### Assigned task
Look through the data below and output, unchanged, every line from the one holding "IP Camera Transmitter" through the one holding "usmc-desktop wallpaper taken", inclusive. Skip the pictures.
The records START
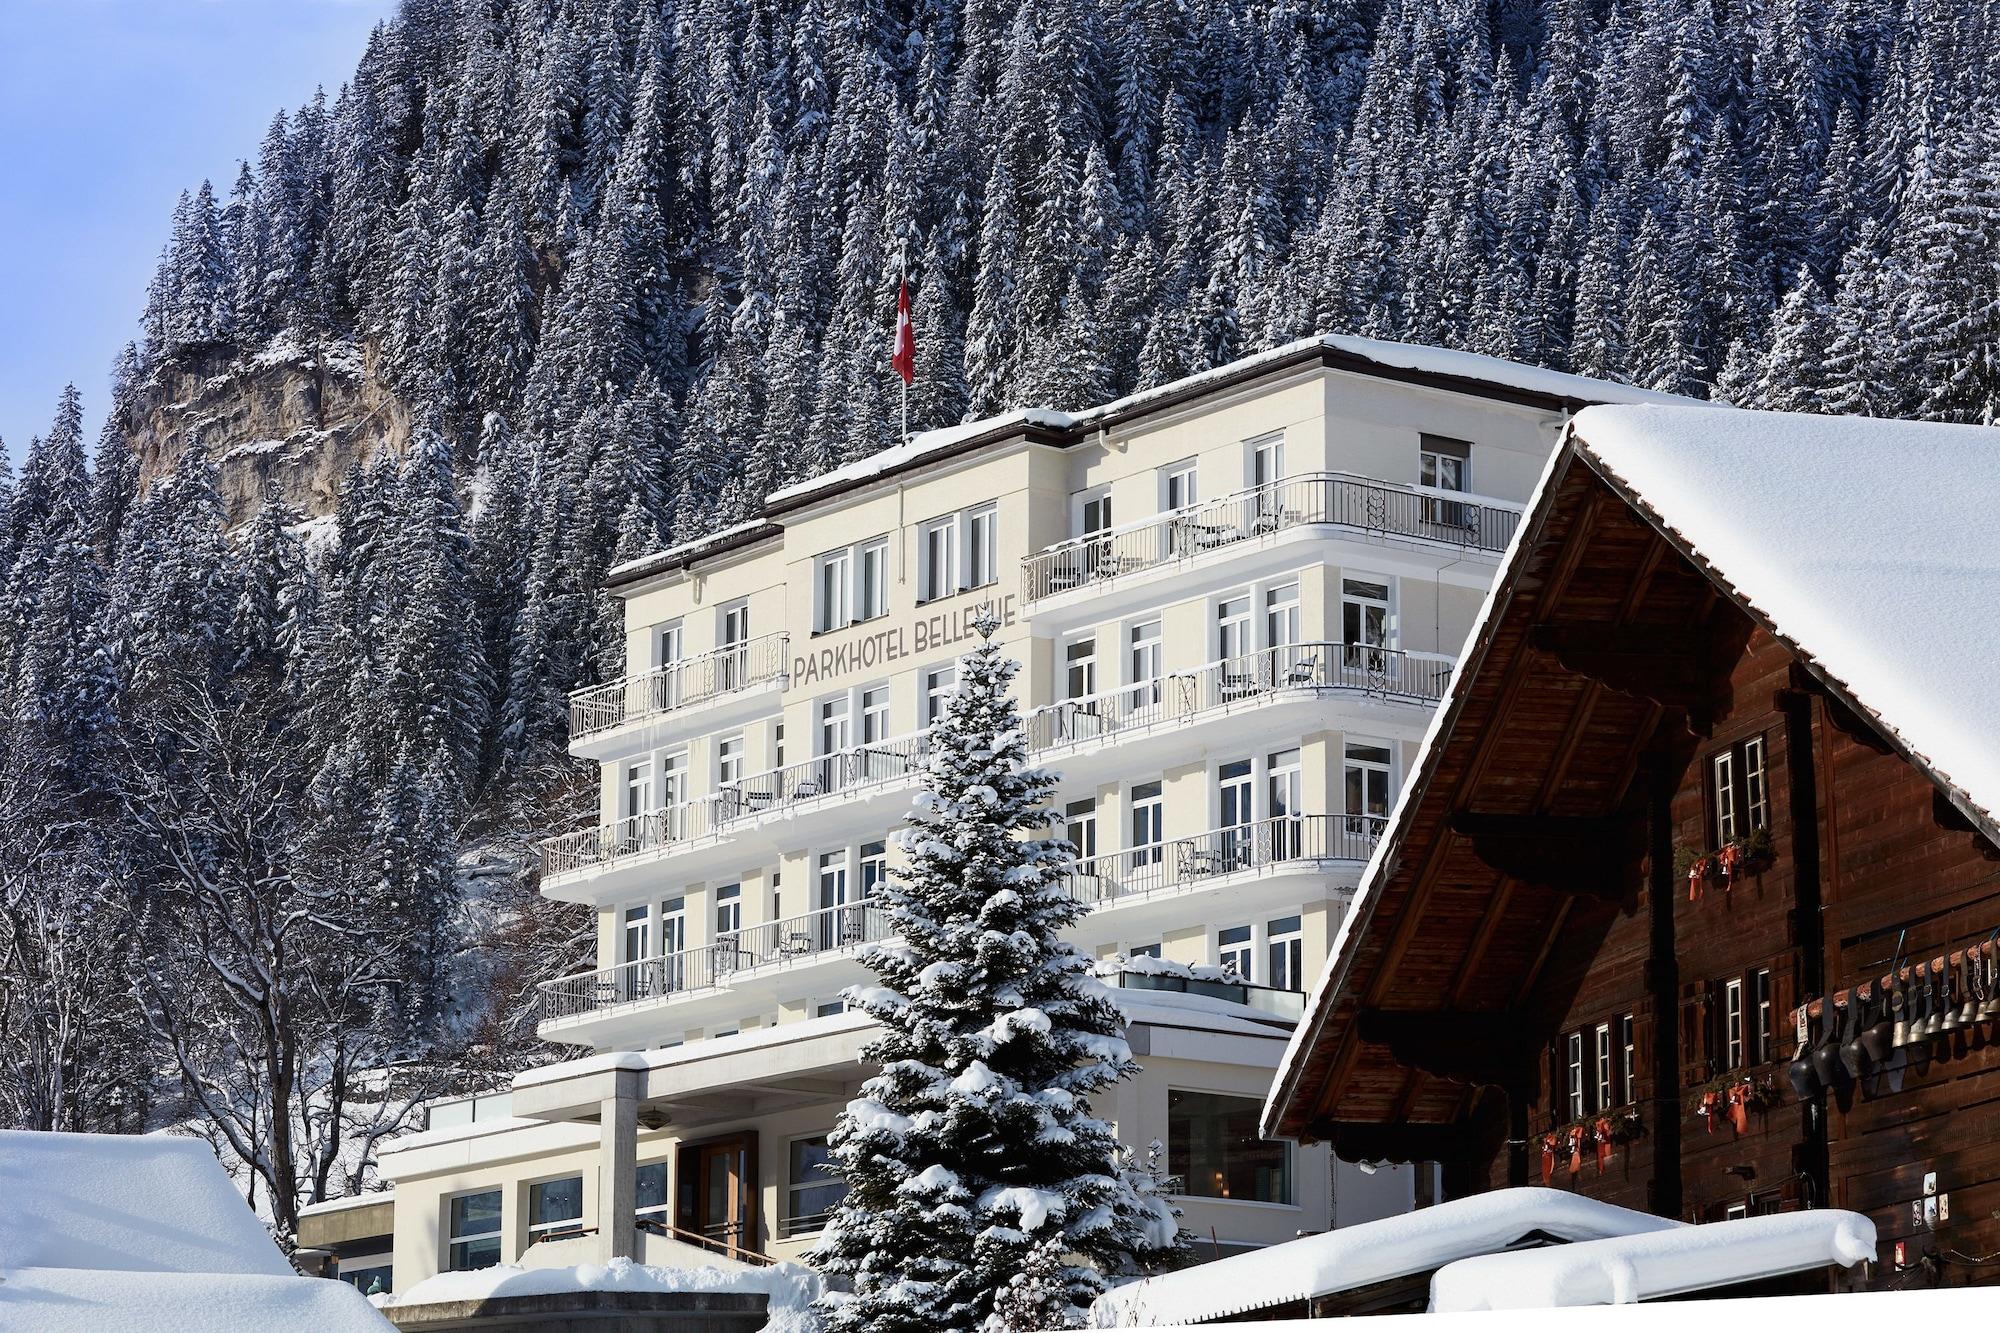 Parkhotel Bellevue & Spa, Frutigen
The records END
The records START
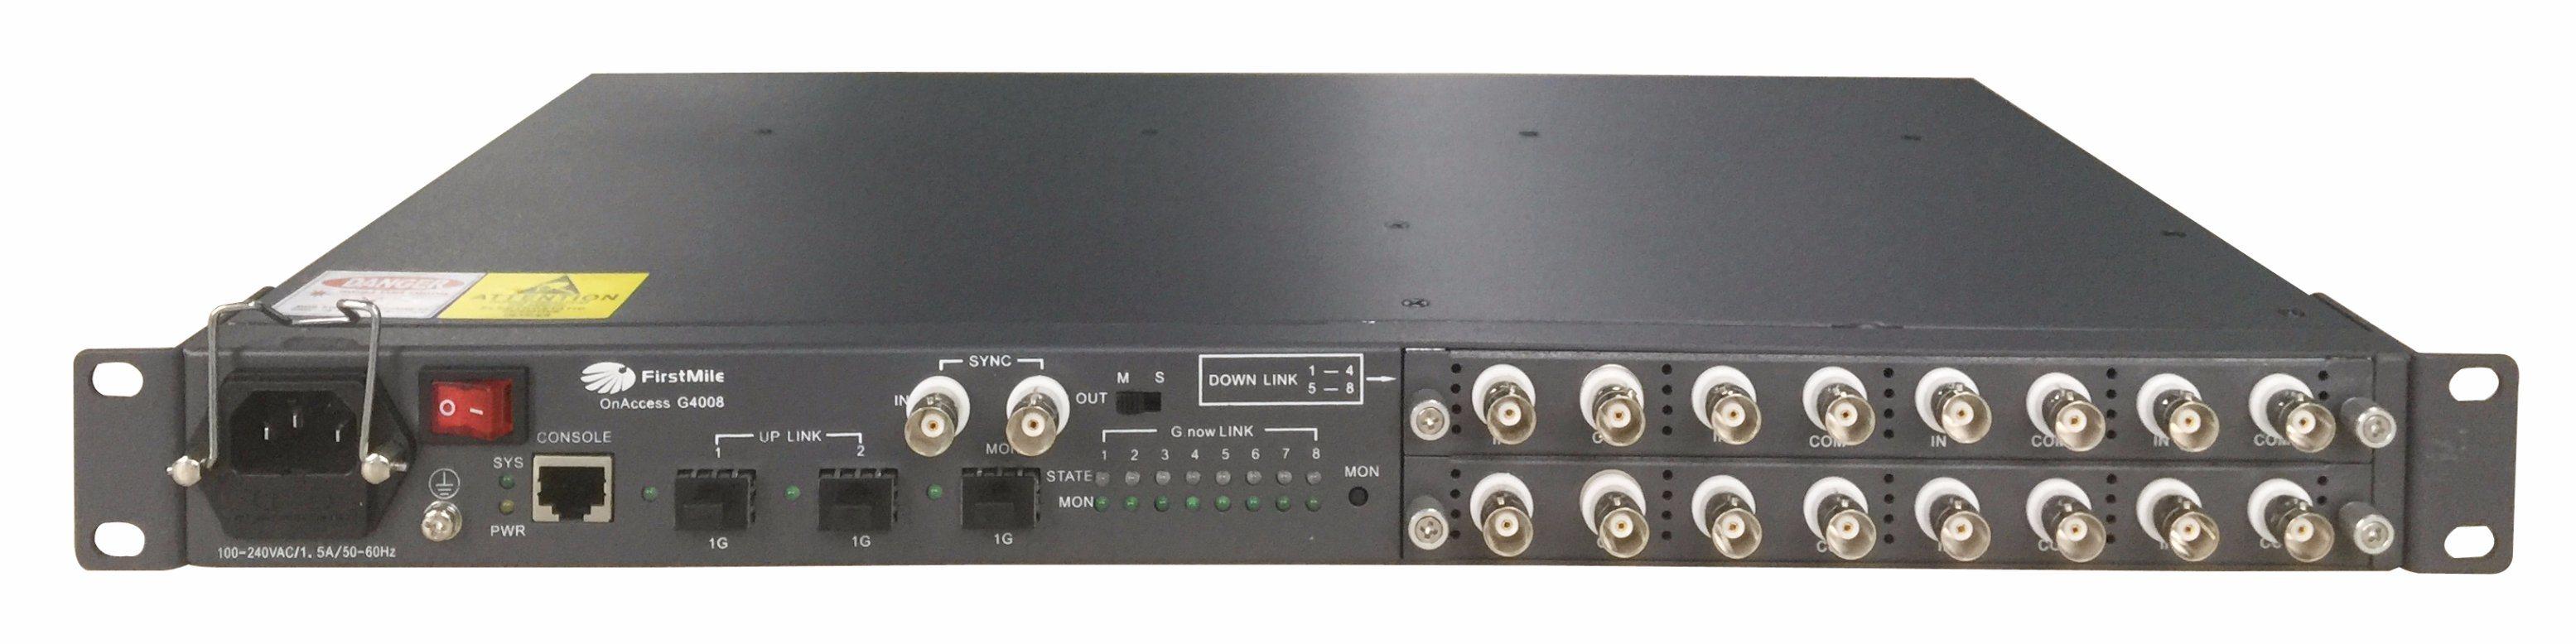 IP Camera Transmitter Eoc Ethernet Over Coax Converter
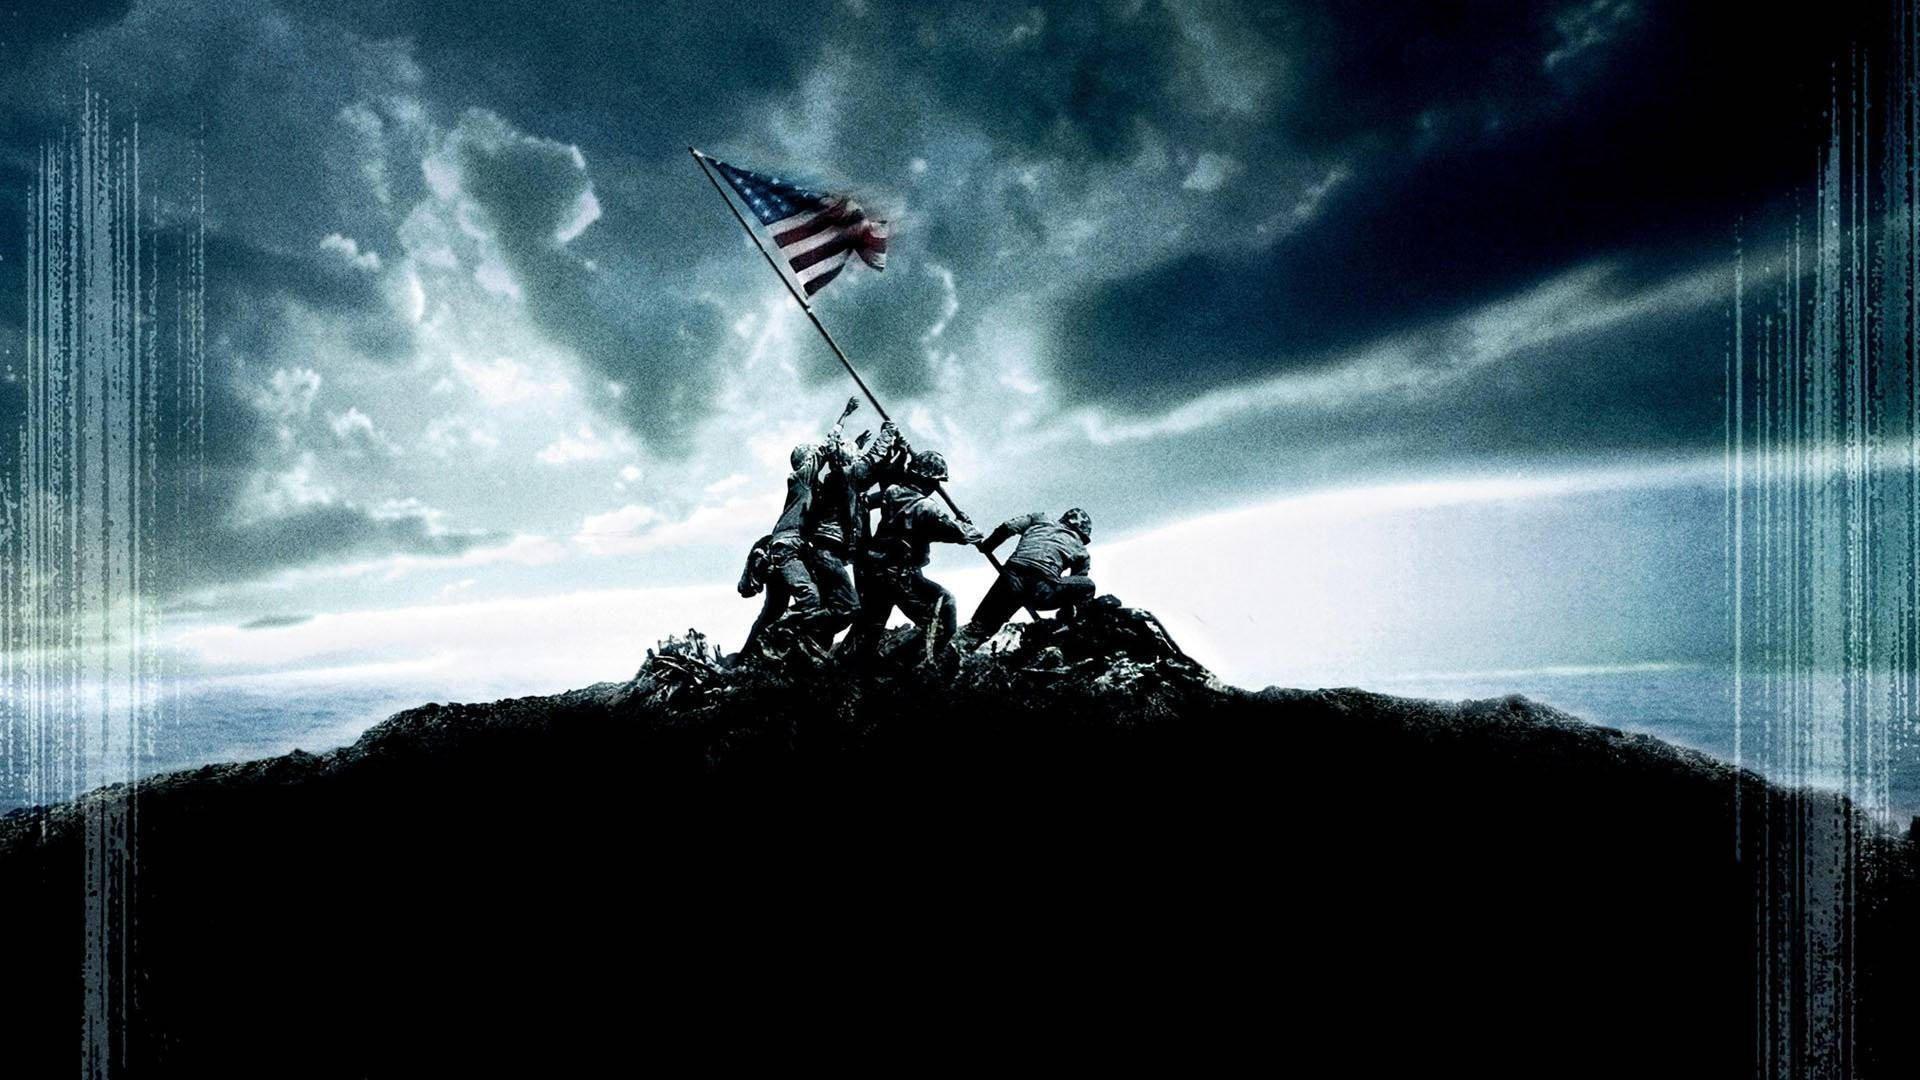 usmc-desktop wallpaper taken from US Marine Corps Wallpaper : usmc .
The records END
### Response to this task
 IP Camera Transmitter Eoc Ethernet Over Coax Converter
 usmc-desktop wallpaper taken from US Marine Corps Wallpaper : usmc .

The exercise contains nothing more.